The positioning member 144 is rotatably mounted on the connecting member 54, and of course, the positioning member 144 can also be slidably mounted on the connecting member 54.

The keeper 144 includes at least two locating faces having different axial depths. These positioning surfaces can be stepped or spiral. Moreover, in the case of a stepped positioning surface, the positioning surfaces may be arranged in parallel or inclined. In this embodiment, the positioning member 144 includes a plurality of parallel positioning surfaces, at least one step, and each step causes the adjacent planes to have different axial depths respectively; by rotating the positioning member 144, the plurality of parallel positioning surfaces can be Selected and stopper 142 The contact is used to determine the angle of inclination of the cutting unit 36 relative to the table 32.

In the present embodiment, the stop member 142 is a stop bolt mounted on the table 32, and the stop bolt 142 provides a flat surface for contact with the positioning surface of the positioning member 144. When the cutting machine is used for a period of time or during production installation, it is necessary to align the inclination angle determined by the tilt positioning mechanism 140, and then the stop bolt 142 can be rotated to rotate relative to the threaded hole on the table 32 to accurately set Set a specific tilt angle.

The connector 54 is provided with a boss 154 that includes a first mounting surface 156 for mounting the keeper 144. In the present embodiment, in the vertical position, the first mounting surface 156 is at an angle of 45 degrees to the plane in which the saw blade 38 is located. Of course, the plane of the first mounting surface and the blade 38 may not be at an angle of 45 degrees.

In the present example, a positioning member 144 is mounted on the first mounting surface 156, and the positioning surface of the positioning member 144 is parallel to the first mounting surface 156.

The boss 154 further includes a second mounting surface 158 for mounting the keeper 144. The first mounting surface 156 and the second mounting surface 158 intersect perpendicularly at an intersection 160. In a vertical position, the line of intersection 160 is located at the saw blade 38. flat.

In the present example, another positioning member 144 is mounted on the second mounting surface 158, and the positioning surface of the positioning member 144 is parallel to the second mounting surface 158.

The positioning member 144 is rotatably mounted on the connecting member 54 by a positioning shaft (not numbered) and is located at the lowermost end of the connecting member 54. Each of the positioning surfaces of the positioning member 144 is perpendicular to the axial direction of the positioning shaft.
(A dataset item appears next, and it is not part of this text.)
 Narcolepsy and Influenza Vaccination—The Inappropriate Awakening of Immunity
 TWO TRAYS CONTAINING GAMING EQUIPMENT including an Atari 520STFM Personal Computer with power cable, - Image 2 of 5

Of course, the positioning surface of the positioning member 144 and the axial direction of the positioning shaft may be inclined as needed.

In this embodiment, the positioning member 144 has four steps, and the steps define four different axial depth positioning surfaces, respectively, a positioning surface 146, a positioning surface 148, a positioning surface three 150, and a positioning surface. 152, the axial depths of the four positioning faces 146, 148, 150 and 152 are successively decreasing. When the four positioning faces 146, 148, 150 and 152 are respectively in contact with the stop bolts 142, the inclination angles of the cutting unit 36 with respect to the table 32 can be respectively determined to be about 45 degrees left and right, 46 degrees left and right, and 47 degrees left and right. - Left 48 degrees. The outer contour of the positioning member 144 is substantially square, and the four positioning surfaces 146, 148, 150 and 152 are hooked on the circumference of the positioning member 144, and the adjacent positioning surfaces are connected by a circular arc, thereby facilitating the operator to rotate the positioning member. 144.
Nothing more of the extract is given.